▶ YOUR INSTRUCTIONS: When you reach the line with "Really Tied The" in the listing below, write out that line and every one after it exactly, and skip the pictures.

▶ DATASET CONTENT:
'''

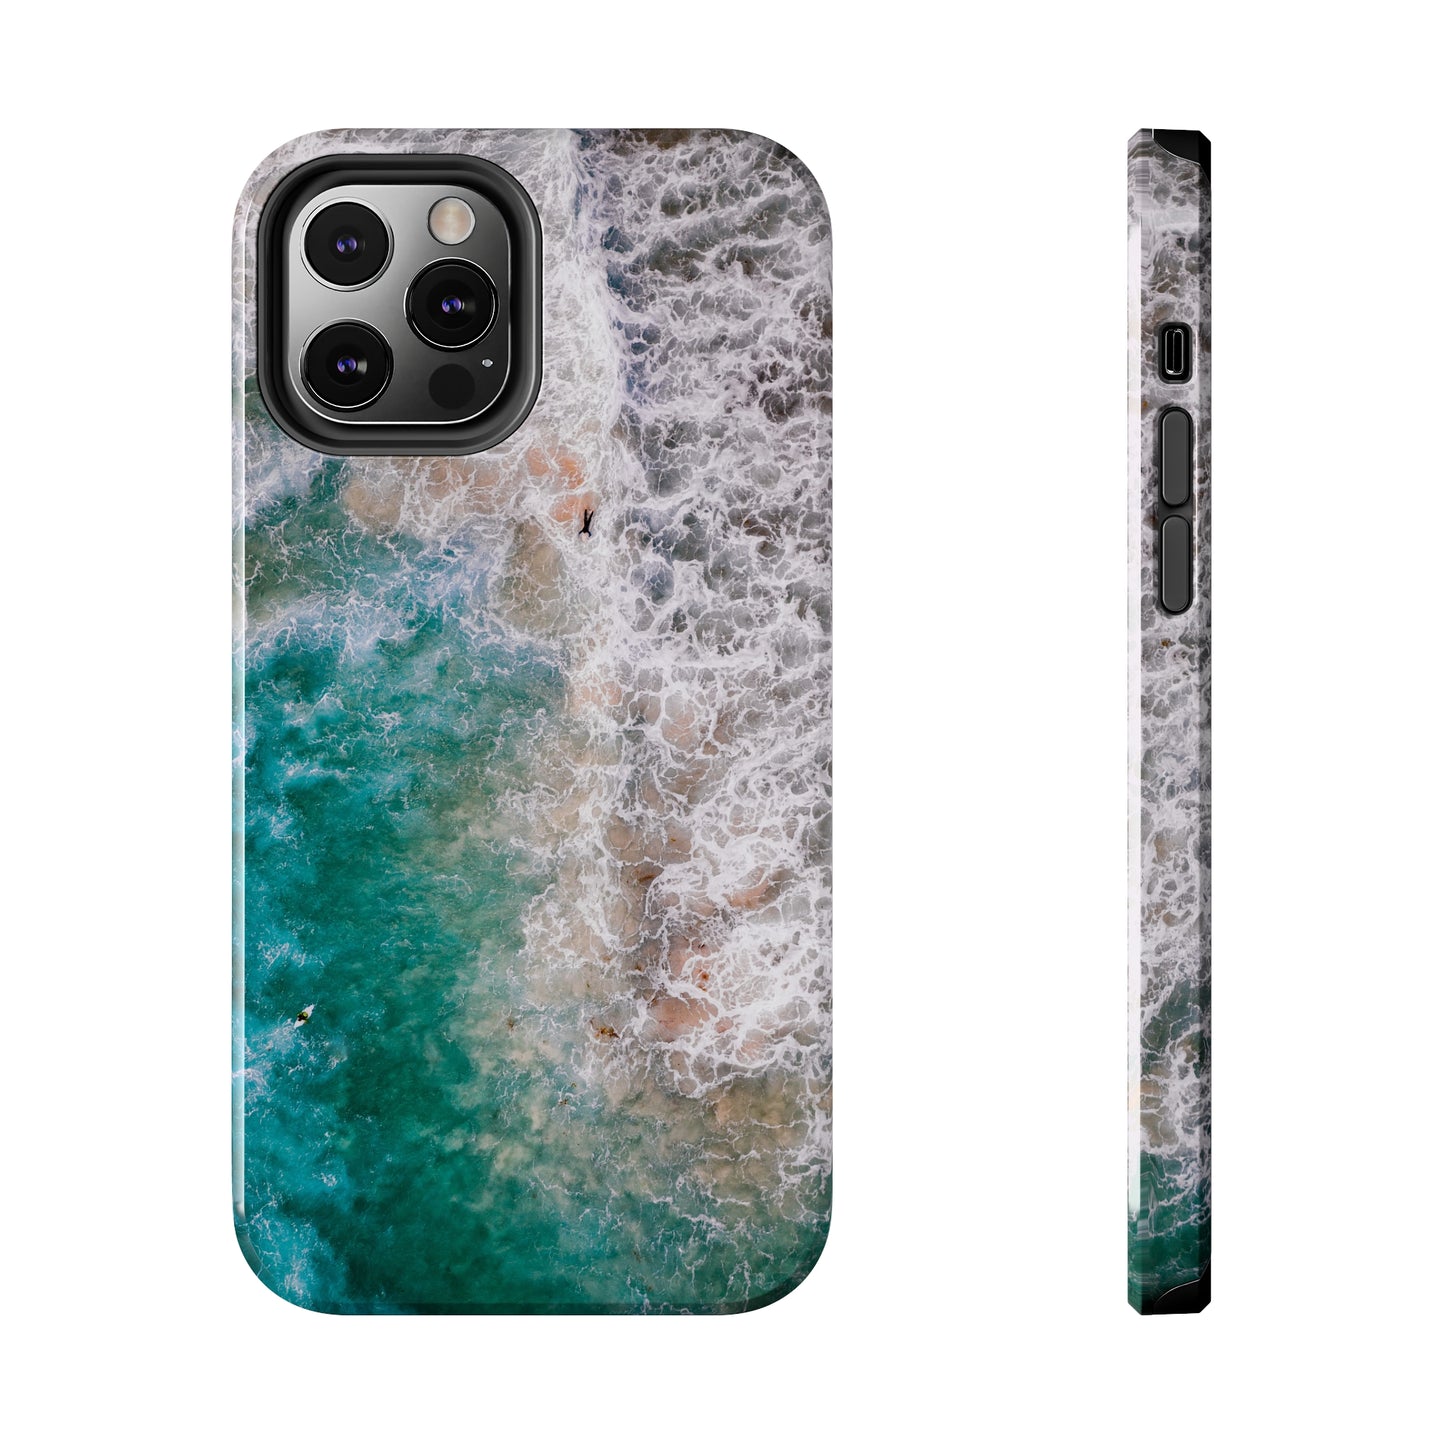 Ocean's Embrace: Deep Green Waters with White Waves Crashing onto the Beach Design Iphone Tough Phone Case
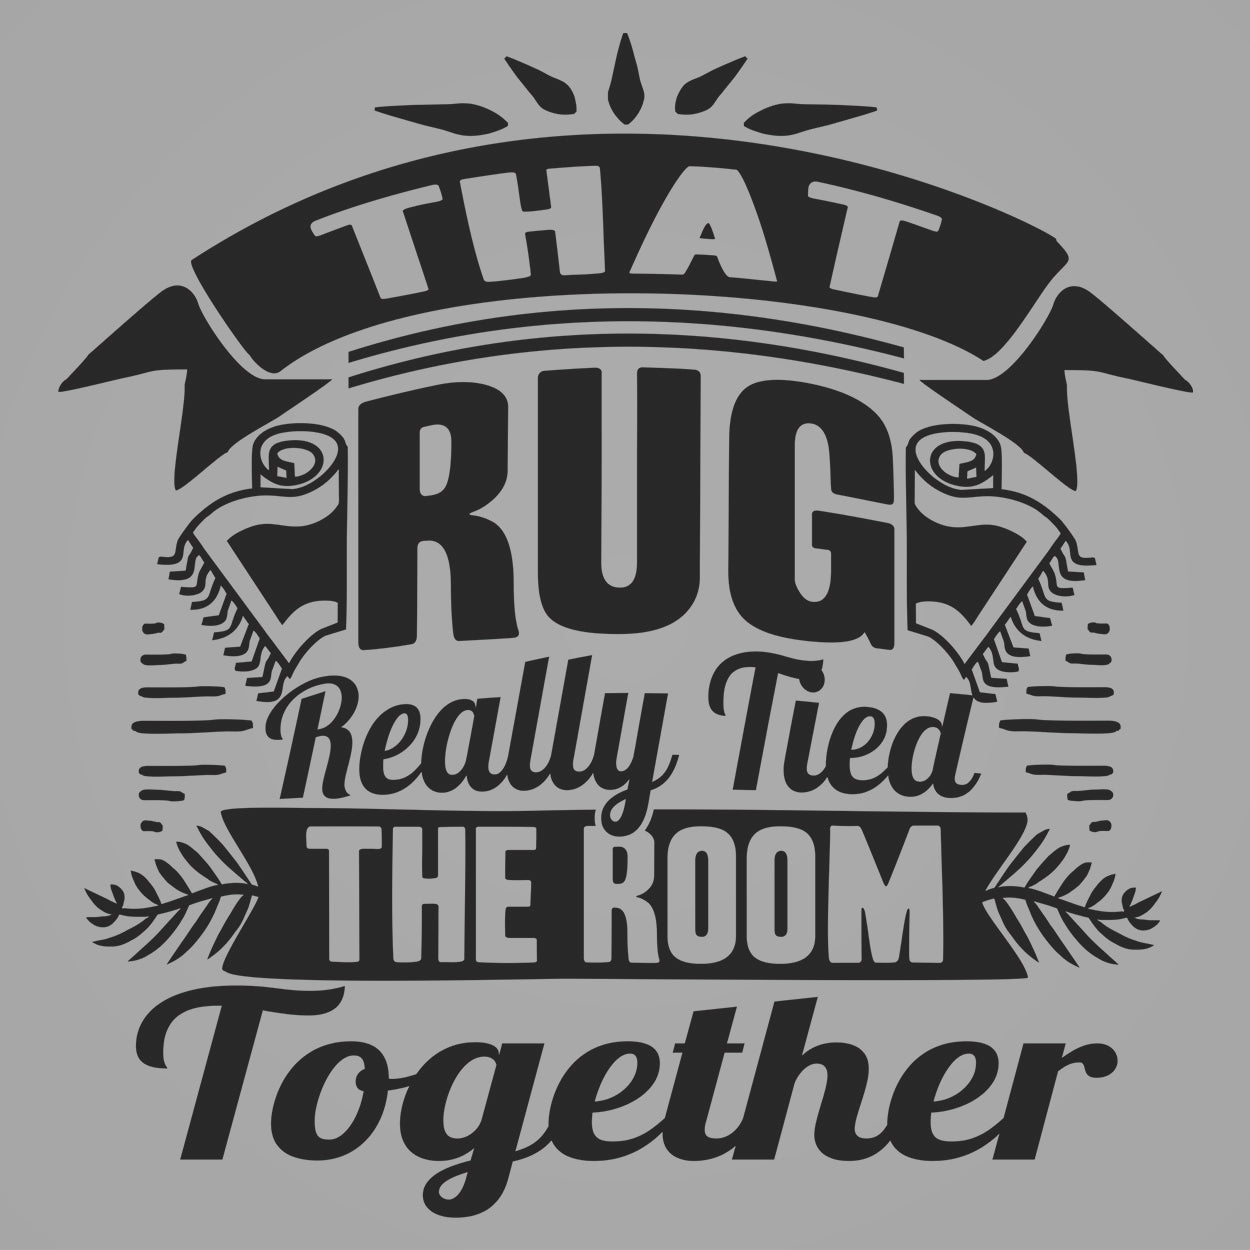 Really Tied The Room Together Tshirt - Donkey Tees
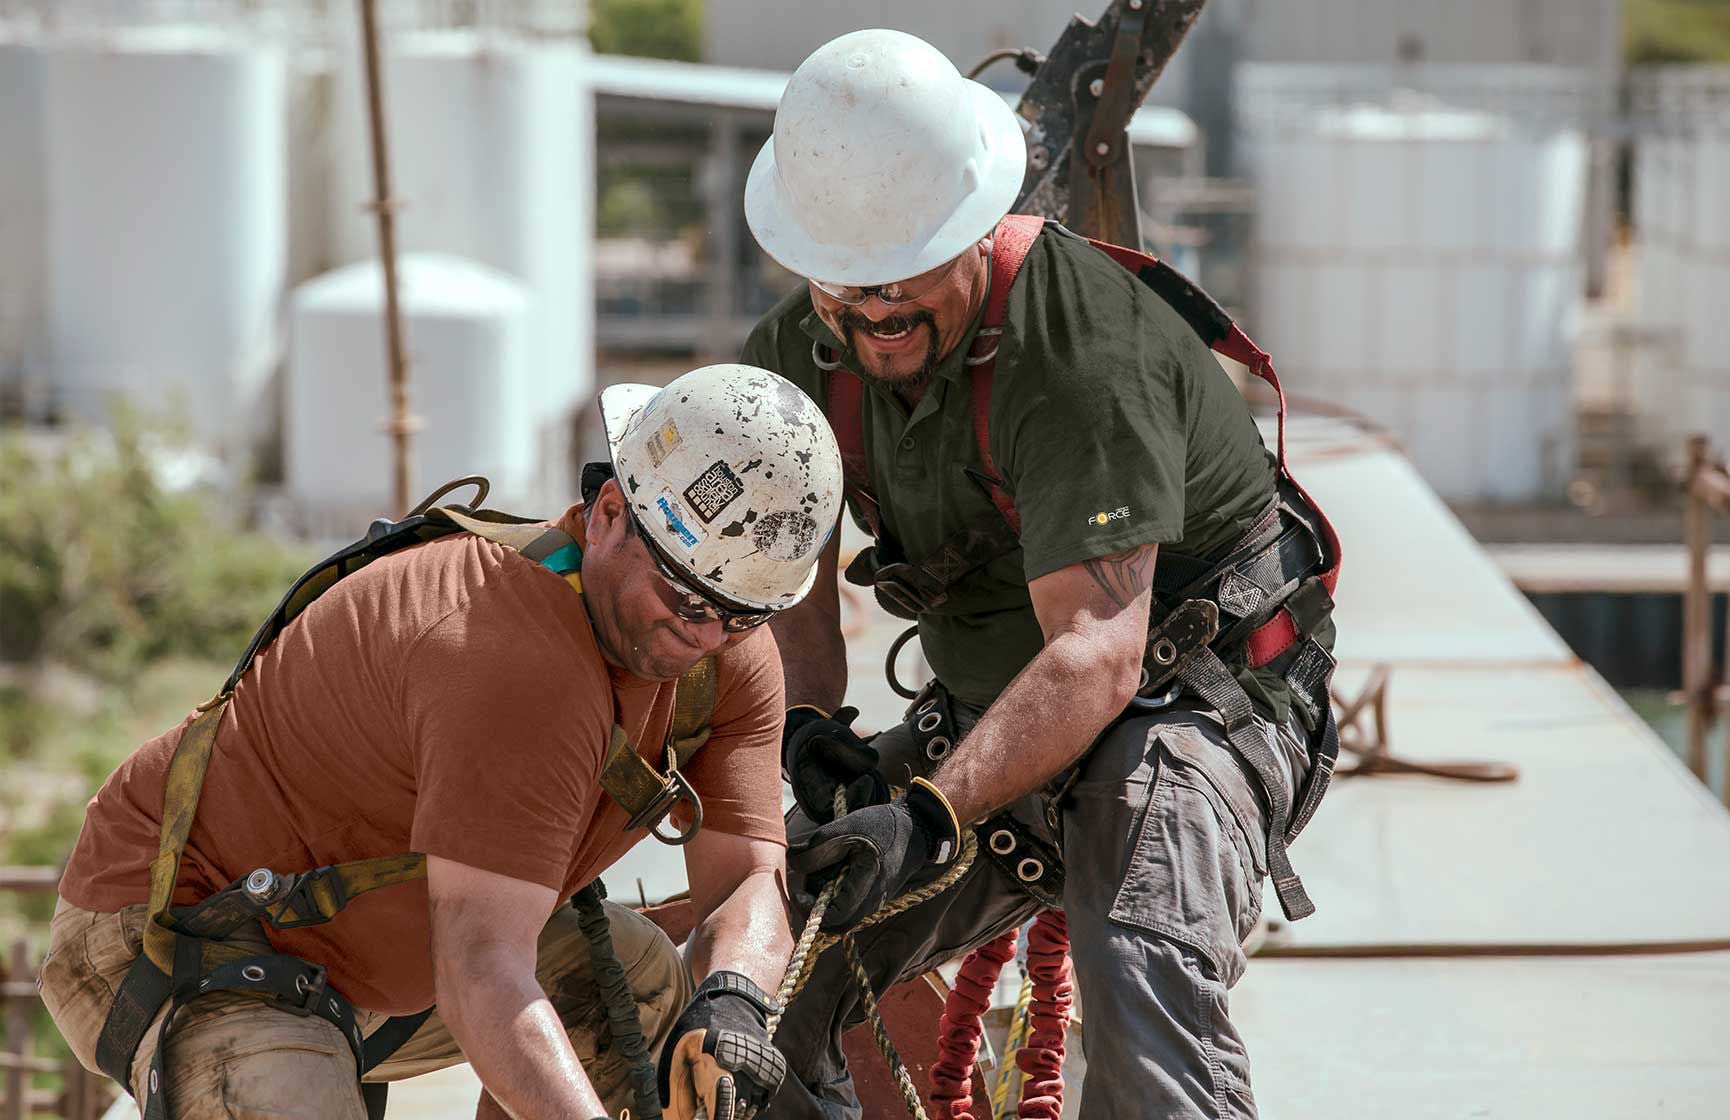 Two construction workers shown pulling on ropes

'''

▶ SOLUTION BELOW:
 Really Tied The Room Together Tshirt - Donkey Tees
 Two construction workers shown pulling on ropes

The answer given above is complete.